How Close Are Chatbots To Passing The Turing Test?

The question is same since the term AI was coined at a conference at Dartmouth College in 1956: Can a machine be ever as intelligent as humans?
A lot of people, including some prominent scientific minds, always felt that it is never going to happen. It was until 1997, IBM’s Deep Blue computer defeated the world chess champion Garry Kasparov in a 6 match chess series, people started thinking otherwise. Since then a series of event be it Google Deep Mind defeating the Alpha Go champion Lee Sedol or the recently CMU Libratus defeating the top Poker pros in Poker championship, proved the fact that the machines are getting smarter day by day. But are the machines smart enough to pass the Turing Test?
Turing Test, in honor of Alan Turing, the brilliant British mathematician is a test to check the presence of mind, or thought, or intelligence in a machine. In simpler words, it is a test to check whether a machine can imitate human intelligence. Or in other words, if a machine can fool a human and make the humans believe it is a human, the machine passes the test.
Suppose there is a dark room and we are outside of the room. Questions are being asked from the outside of the room to both the machine and a human, and if we cannot distinguish whether a person is answering the question or the machine is doing so, the machine will definitely pass the Turing test. It can also be thought as the machine has acquired intelligence which is similar to that of human. In other words, it is imitating human intelligence.

But, there has been some criticism to the Turing test with people claiming that it is a test to imitate human intelligence and not a way to achieve intelligence.
For instance, a human will find it difficult to calculate large arithmetic problems or calculation like 39877/139 which for a machine is pretty simple. Now for the machine to mimic human intelligence, it should not calculate the answer at once and should take time in doing so. This is not a way to achieve intelligence but to achieve human intelligence.
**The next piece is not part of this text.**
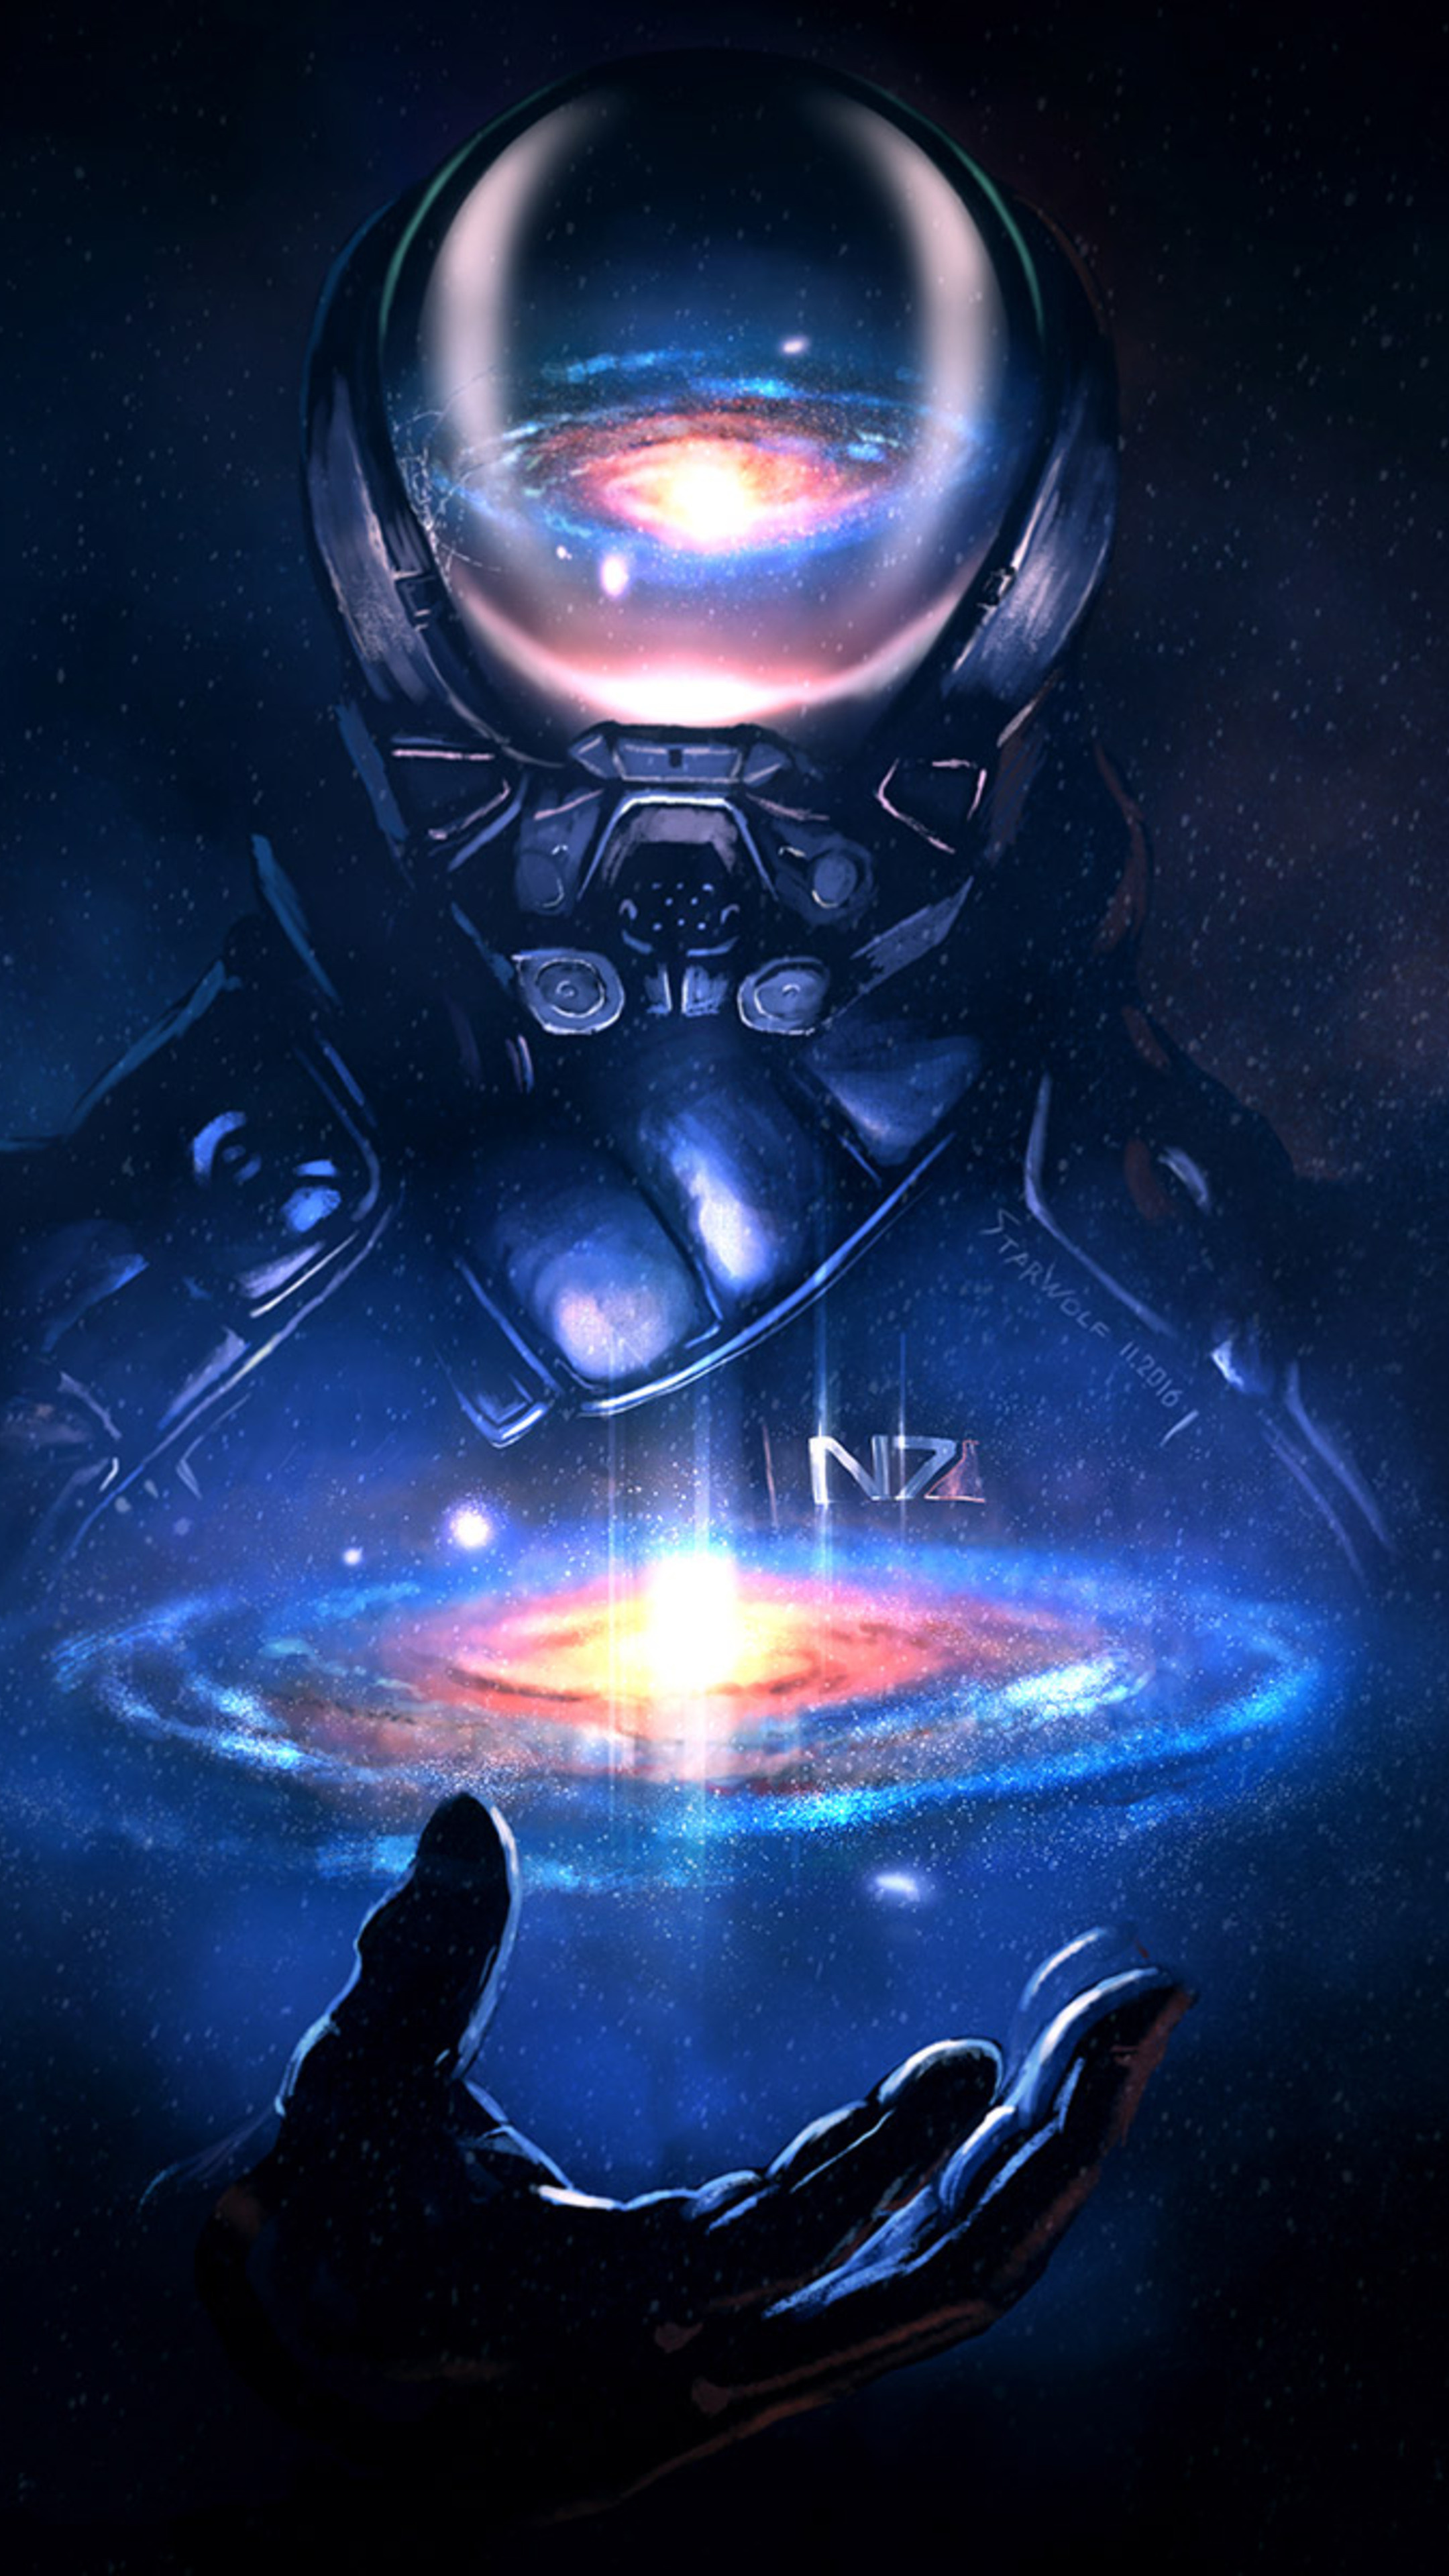 Mass Effect, Andromeda artwork, Sony Xperia wallpapers, Stunning 4K graphics, 2160x3840 4K Handy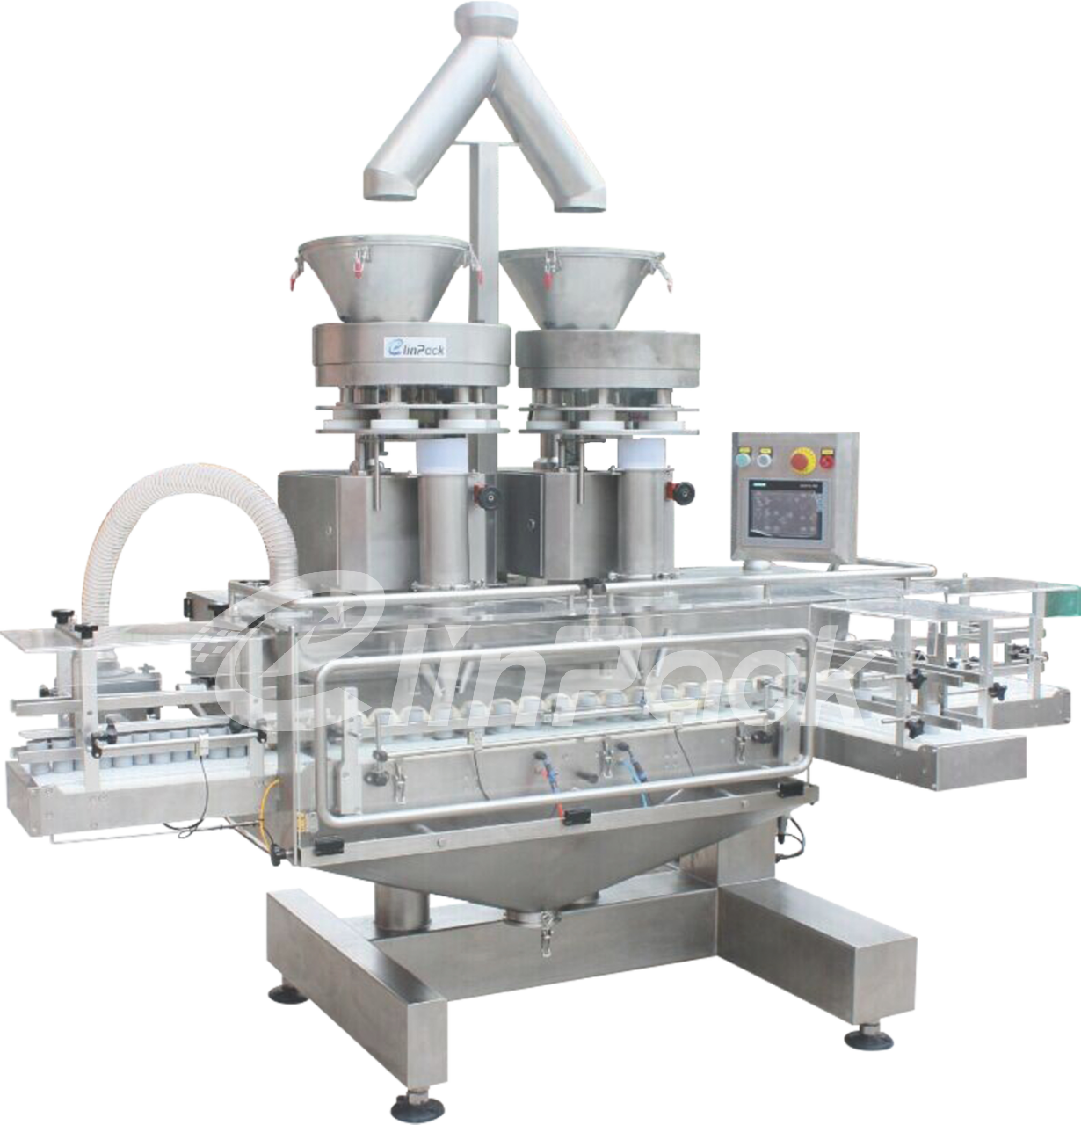 Auger filling machine should be maintained in cold winter

So the assumption that human intelligence is the only form of intelligence is incorrect to assume and there might be other form of intelligence we are unaware of.

But the modern way to administrate the Turing Test is through Loebner Prize competition that started in 1991. Every year the prize is awarded to the best performing chatbots that tries to convince the judges that it has some form of intelligence in it. The winner of last year, 2016 was the bot named Mitsuku. Let’s analyze some of the Mitsuku’s answers during the event:
Judge: My name is Andrew, what’s yours?
Mitsuku: Your name is Andrew. My name is Millie.
Judge: What’s my name?
Mitsuku: Hmm. Your name is Andrew. Is it not?
From the above conversation we can analyze that Mitsuku is keeping the previous chat context in mind while answering new questions. That is similar to what humans do. But has it acquired intelligence? Let’s see another chat.
Judge: The cat tried to climb in the box but got stuck because it was too big. What was too big?
Mitsuku: Well at least they tried their best. Large, above average in size or number or quantity or magnitude or extent.[2]
Here it is clearly demonstrated that it is far from acquiring human level intelligence. It seems it is not understanding the context of the question and is trying to answer based on the words in the question. There are a number of examples showing the fact that the bots cannot understand the context every time but upon training them over a long time using day to day conversations can make them smarter.